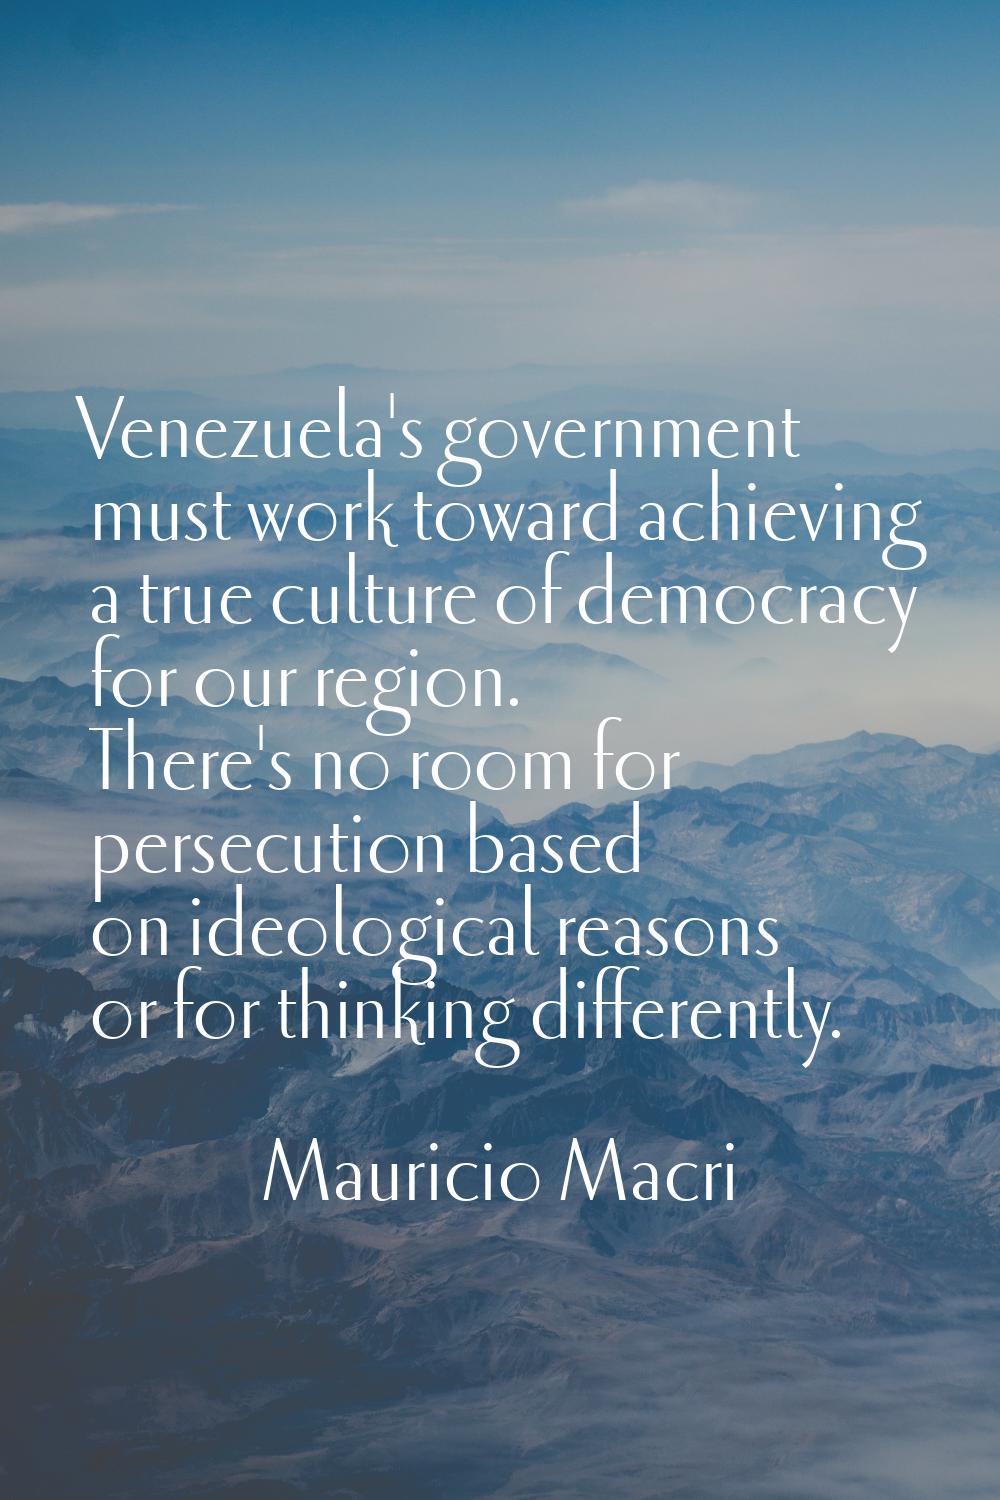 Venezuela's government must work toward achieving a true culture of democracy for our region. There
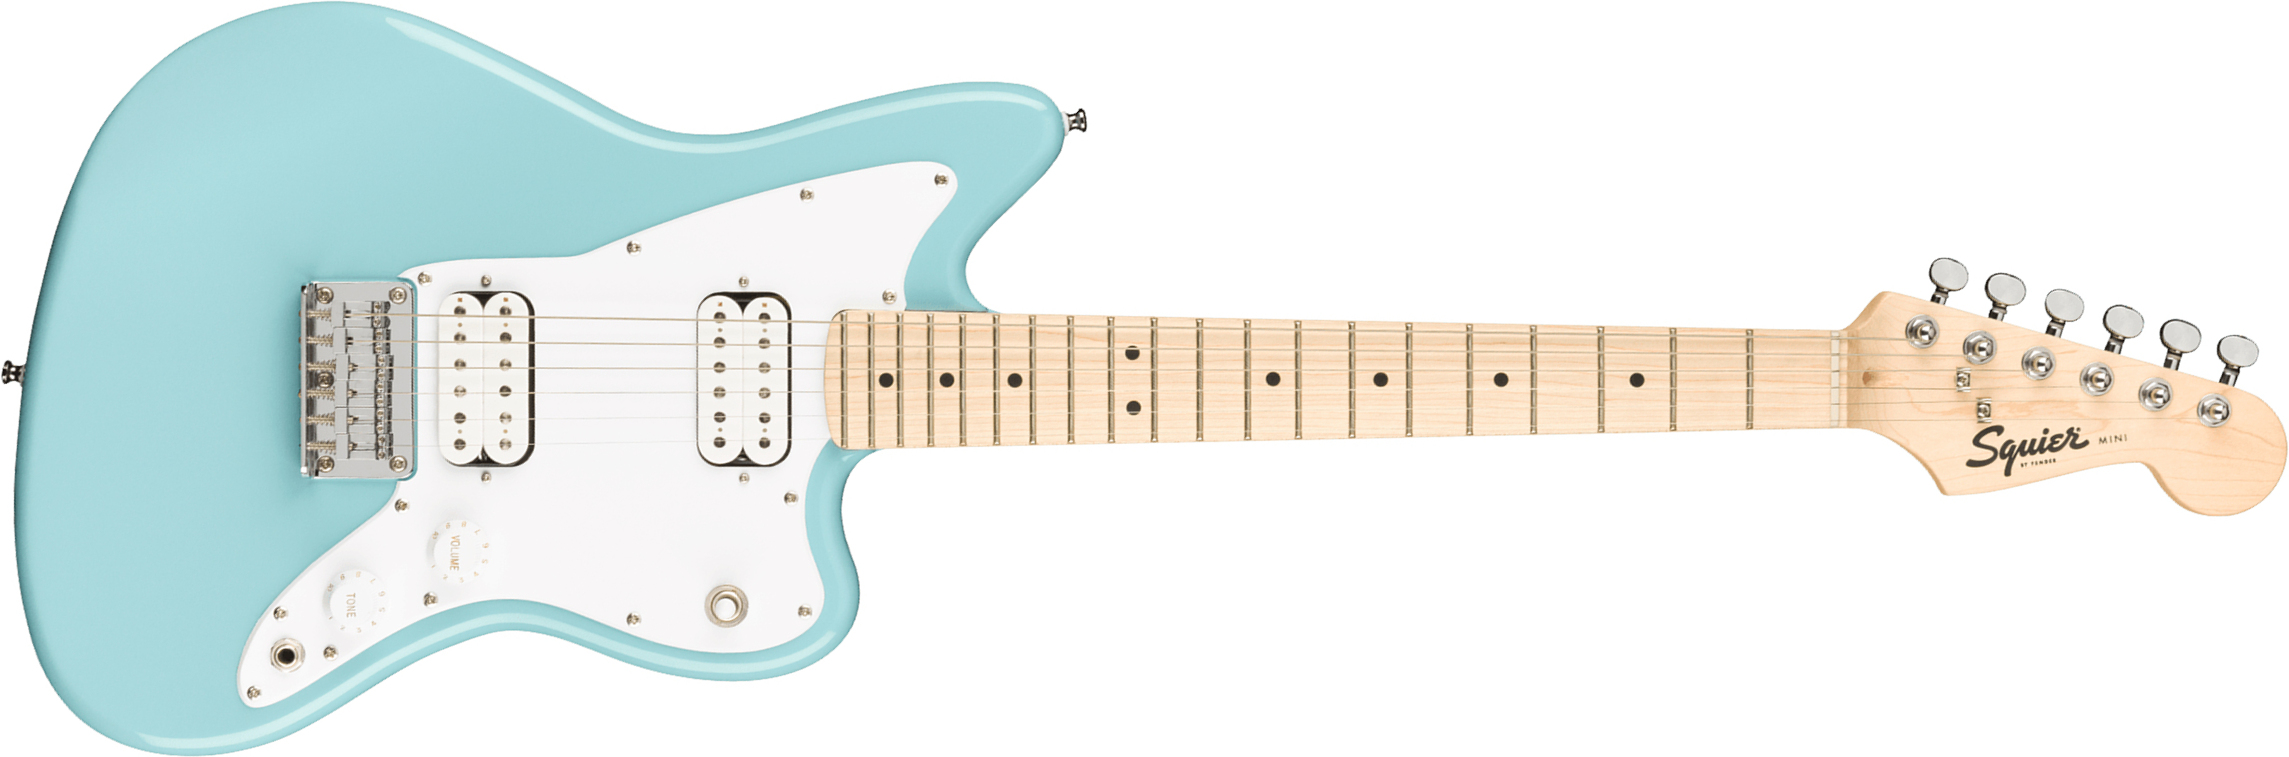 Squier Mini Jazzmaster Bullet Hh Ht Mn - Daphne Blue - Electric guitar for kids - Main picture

________________________

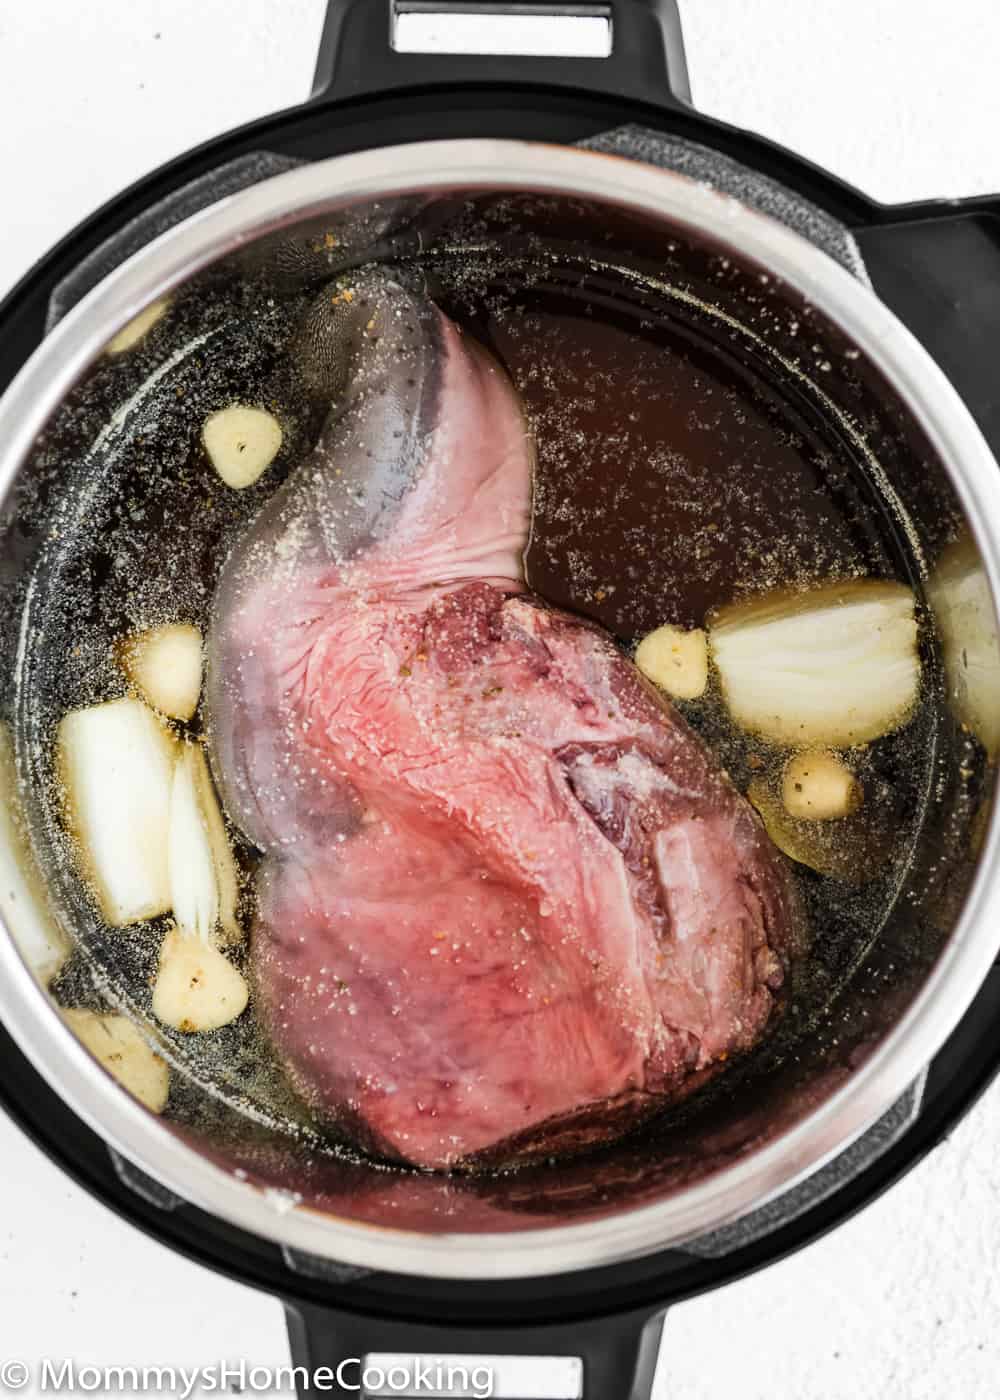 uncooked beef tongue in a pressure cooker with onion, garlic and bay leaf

________________________

_Aim of the task_
Using the entries above, transcribe exactly from the line that has "Venezuela's government must" through the line that has "Squier Mini Jazzmaster". Pictures are dropped.

_Exercise solution_
 Venezuela's government must work toward achieving a true culture of democracy for our region. There
 Squier Mini Jazzmaster Bullet Hh Ht Mn - Daphne Blue - Electric guitar for kids - Main picture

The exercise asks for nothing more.